Затем, внезапно сменив тему разговора, Пелажи ласково погладила атласную щечку своей обожаемой девочки.
– Я так рада, Зефи, что ты вернулась. Единственное, что требуется теперь, так это подумать о твоем будущем. Я бы так хотела, чтобы ты вышла замуж и удачно вышла за…
Зефирина расхохоталась, заставив умолкнуть Пелажи:
– Замуж!
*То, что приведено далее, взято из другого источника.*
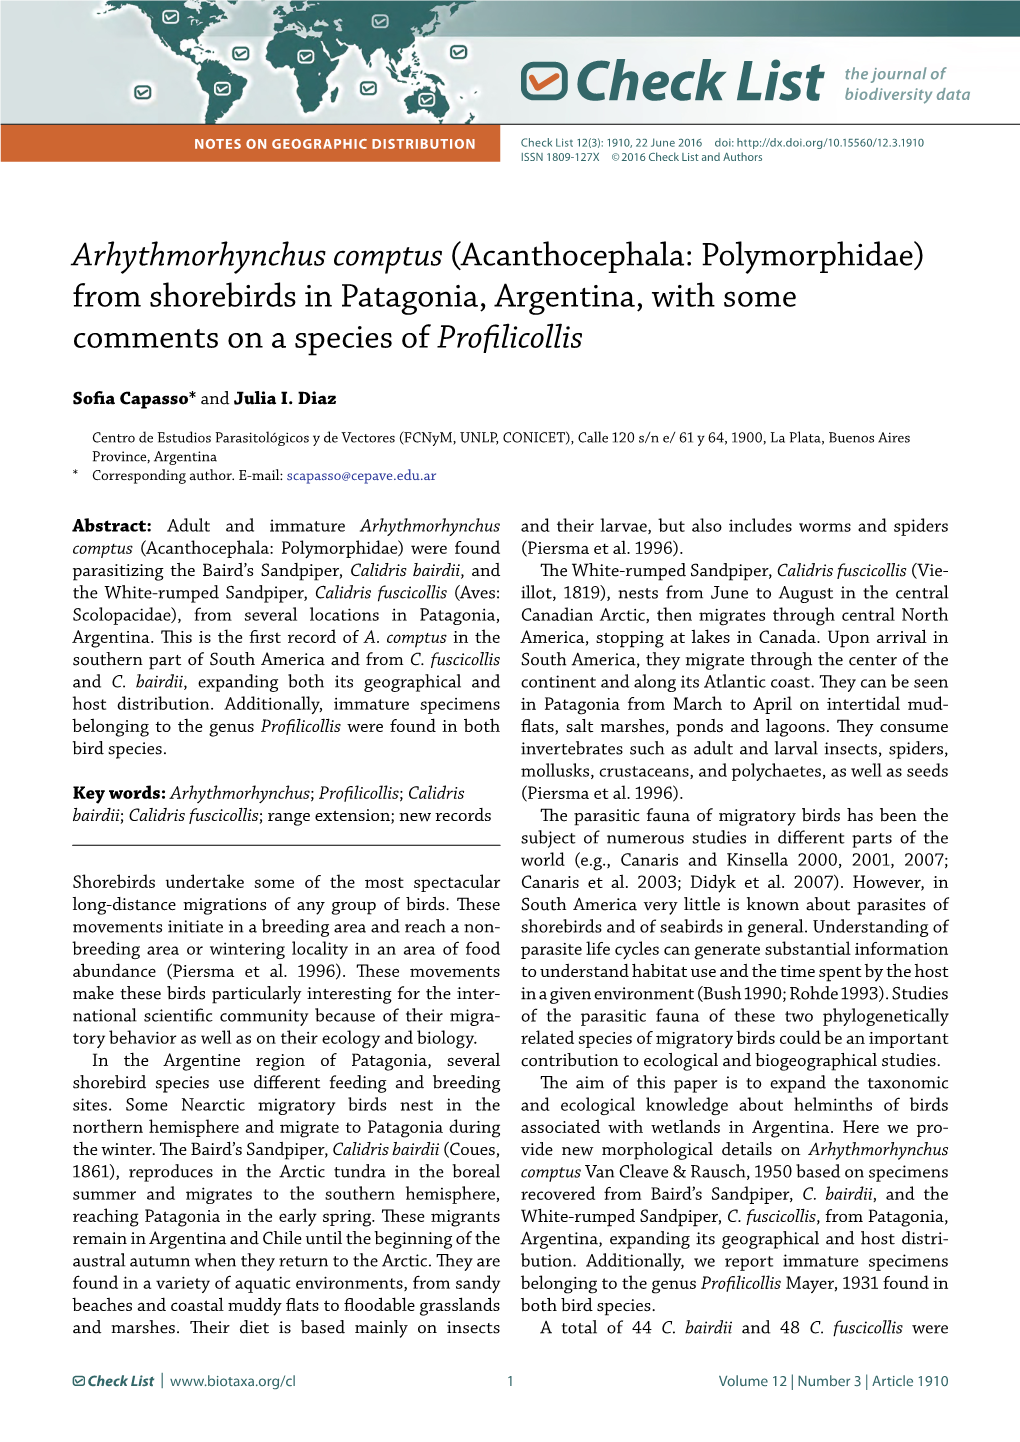 Arhythmorhynchus Comptus (Acanthocephala: Polymorphidae) from Shorebirds in Patagonia, Argentina, with Some Comments on a Species of Profilicollis
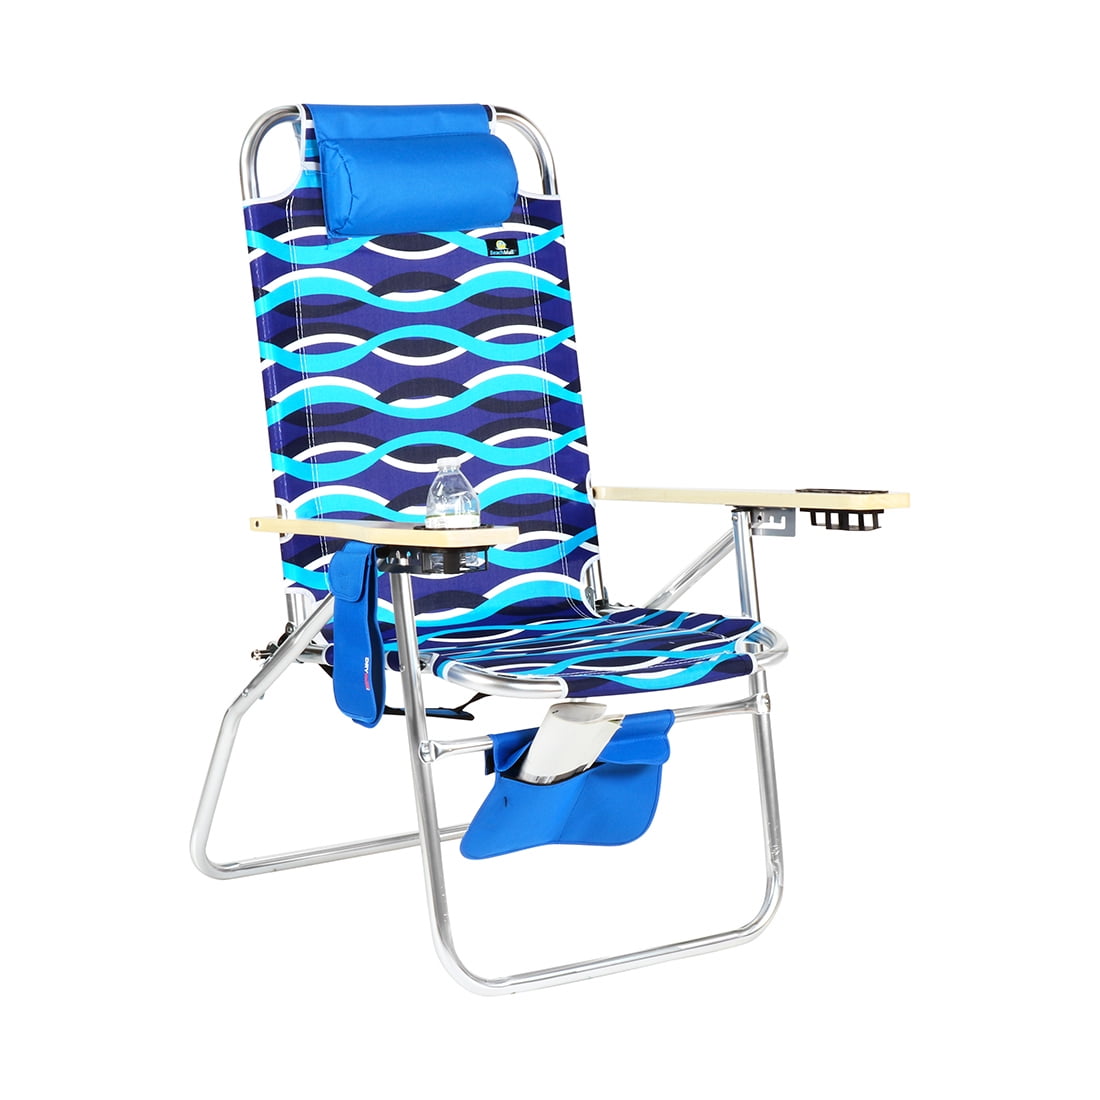 Minimalist 9 Inch Beach Chair for Small Space

Но у меня еще есть время, Пела!
Приподняв изящным движением подол своих юбок и открыв тонкие сапожки, Зефирина весело спустилась по черной лестнице.
– Боже, защити ее! – прошептала Пелажи, провожая взглядом свое любимое дитя.
Зефирина бегом пересекла общий двор, где находились службы поместья. Она как ураган ворвалась на конюшню.
– Бастьен… Бастьен, где ты?
В ответ на этот призыв высокий парень, обтиравший соломенным жгутом гнедого коня в стойле, поднял курчавую голову, увенчанную тиковым колпаком.
– Бастьен! – повторила Зефирина. – Ты меня узнаешь, надеюсь?
Бастьен небрежной походкой приблизился к девушке, стоявшей в проходе.
– Конечно, мадемуазель. Счастлив вас видеть снова.
Держа колпак в руке, он склонился перед Зефириной без всякого раболепства.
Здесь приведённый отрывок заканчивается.